Source: NatWest Markets

China – predictable, principled, but still tough

Expect an ongoing strong US stance against China in the medium-term as Biden seeks to build a consensus amongst allies. That approach – one that seeks to leverage US allies to add pressure on China – would be more consistent with principles espoused under President Obama, and unlikely to change at the drop of a tweet.

Biden’s past criticism of Trump’s tariffs on Chinese goods suggests he would be open to removing the tariffs put in place under the Trump administration, but whether he does or not, his desire to link economic activity with climate targets suggests a new potential realm of economic tension between the US and China.

Europe – hitting the reset button

We also anticipate a lot of positive headlines regarding Europe – like those seen after the US re-joined the Paris Climate Agreement: reaffirming commitment to NATO, potentially cooperating with allies on Iran once again, and the like.

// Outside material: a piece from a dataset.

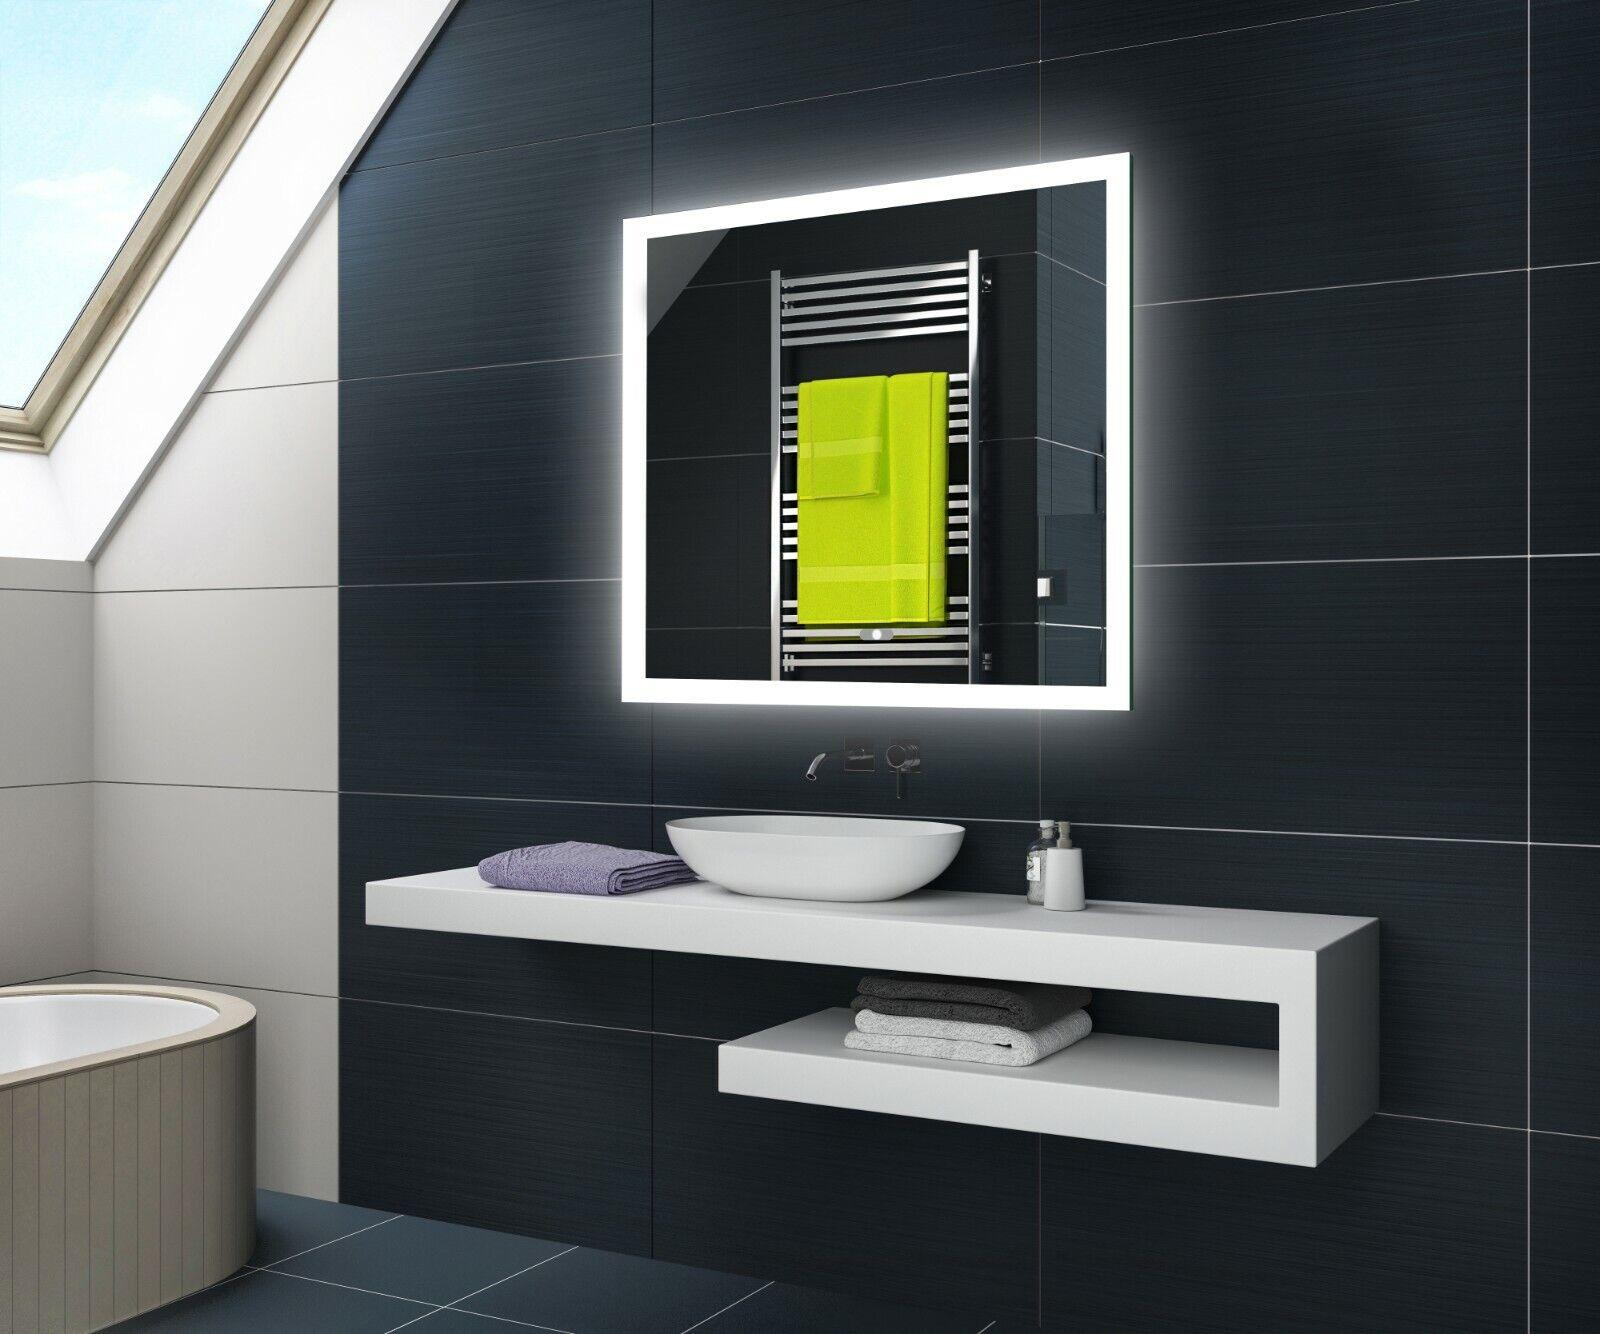 Badspiegel mit LED Beleuchtung Lichtspiegel SCHALTERLED KOSMETIKSPIEGEL L01

And we also expect Biden to loosen immigration and visa policies, which may aid labour supply.

But Biden’s views on US-EU trade were not well specified on the campaign trail or in the months since his electoral victory. His overarching goal of restoring American partnership with the country’s democratic allies implies a shift toward a more cooperative relationship with the EU, so we think the risk of tariffs on European autos is essentially gone. We also believe pre-election risks of a Biden presidency taxing digital services, linked with deeper international cooperation on corporate taxation, have subsided.

UK – new management, new priorities

Prior to finalising the Brexit deal (which our specialists explore here), we felt the uncertain relationship between the EU and the UK stood in the way of major progress on a US-UK free trade deal.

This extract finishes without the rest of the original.